What is Gender Selection?

Preimplantation Genetic Testing options offer a much higher chance of having a child of a preferred gender. There are some diseases which are much more common in males or in females, so avoiding having a child of that gender can reduce the odds of these conditions.

Gender selection involves using PGT-A or PGT-M techniques to determine X and Y chromosomes; thus, genetic gender. Identifying gender allows the transfer of only male or female embryos accordingly.

What are the steps involved in Preimplantation Genetic Testing (PGT)?

1. Biopsy

Biopsies are typically taken when your embryos have reached the ‘blastocyst stage’ (5 to 6 days after fertilization) but can also occur on day 3. The embryologist will biopsy 3-8 cells, removing them from the outer layer of the embryo using a high- powered microscope. The biopsy process does not harm the embryo; they are then frozen and safely stored in the clinic.

2. Shipment

The biopsied cells from your embryos are sent to the lab to be tested.

3. Analysis

The lab will examine and assess the cells from your embryos.

4. Results

After a biopsy is taken and laboratory tests are performed, it typically takes 7-14 days to receive your results. Testing results will be sent to your IVF team and passed on to your personal coordinator, who will inform you.

5. Embryo Transfer

After you have reviewed and discussed your embryos’ testing results, you and your IVF team can determine a suitable embryo and move to the embryo transfer stage.

What are some risk factors for chromosomal disorders?
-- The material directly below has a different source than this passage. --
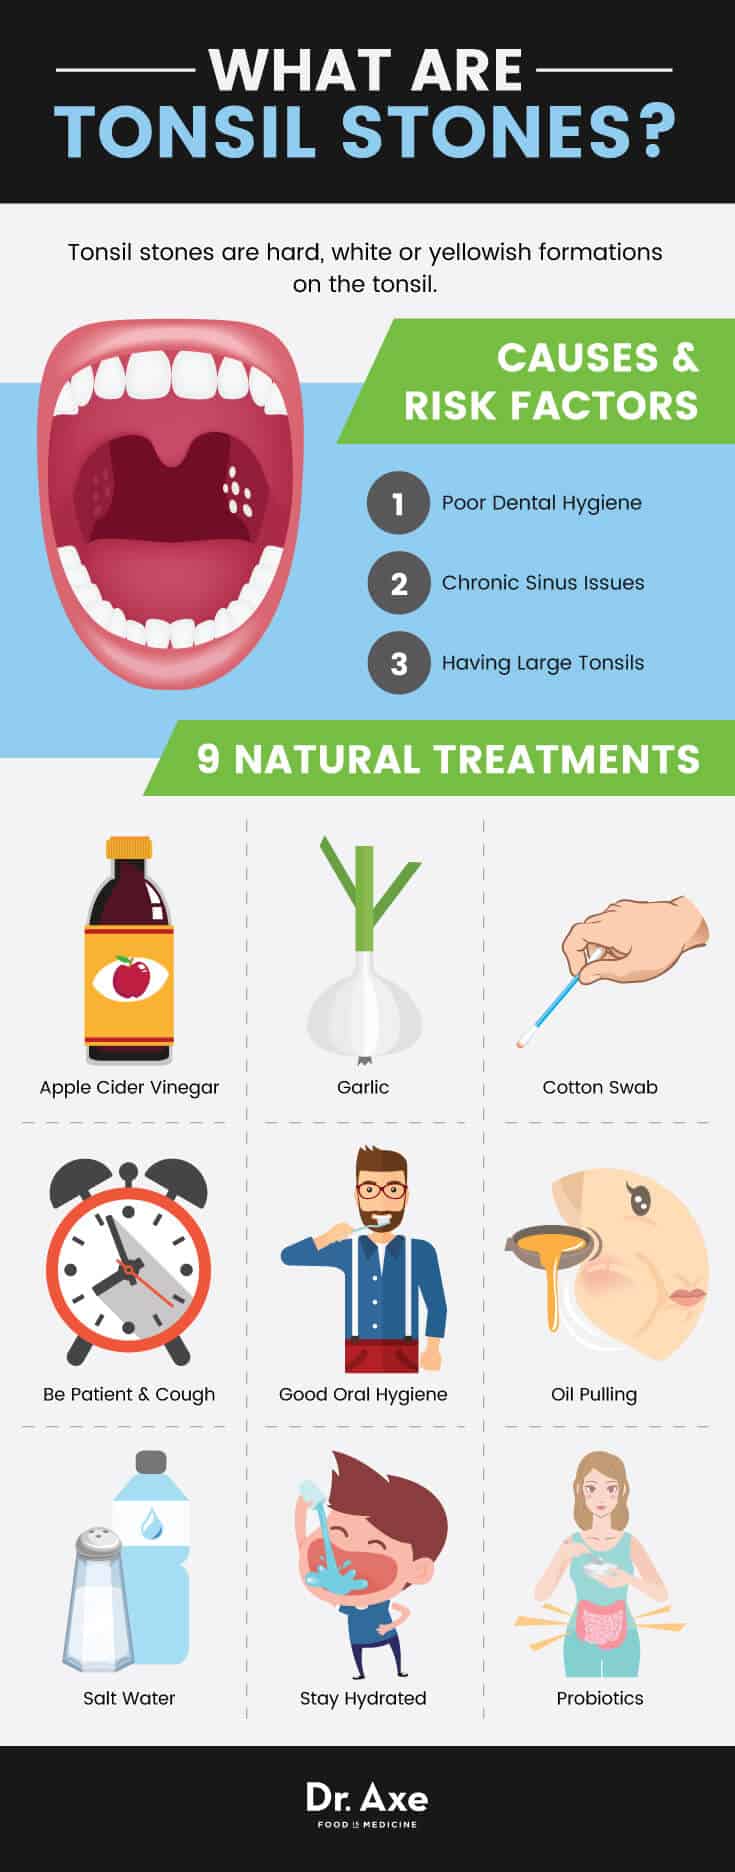 Tonsil stones natural treatments

  • The leading risk factor for chromosomal disorders is maternal age. If a woman is 35 years old, or older, at the time of delivery, the baby is at a higher risk for a genetic disorder. A woman is born with all the eggs she will ever have, which mature during puberty. As she ages, not only do her eggs age, but her number of viable eggs decrease.
  • A lesser risk factor for the development of chromosomal abnormalities, is the way in which a woman processes folic acid. New research suggests that women

who have difficulty processing folic acid may be predisposed to having a child with chromosomal abnormalities. This risk can be easily reduced with the consumption of prenatal vitamins during pregnancy.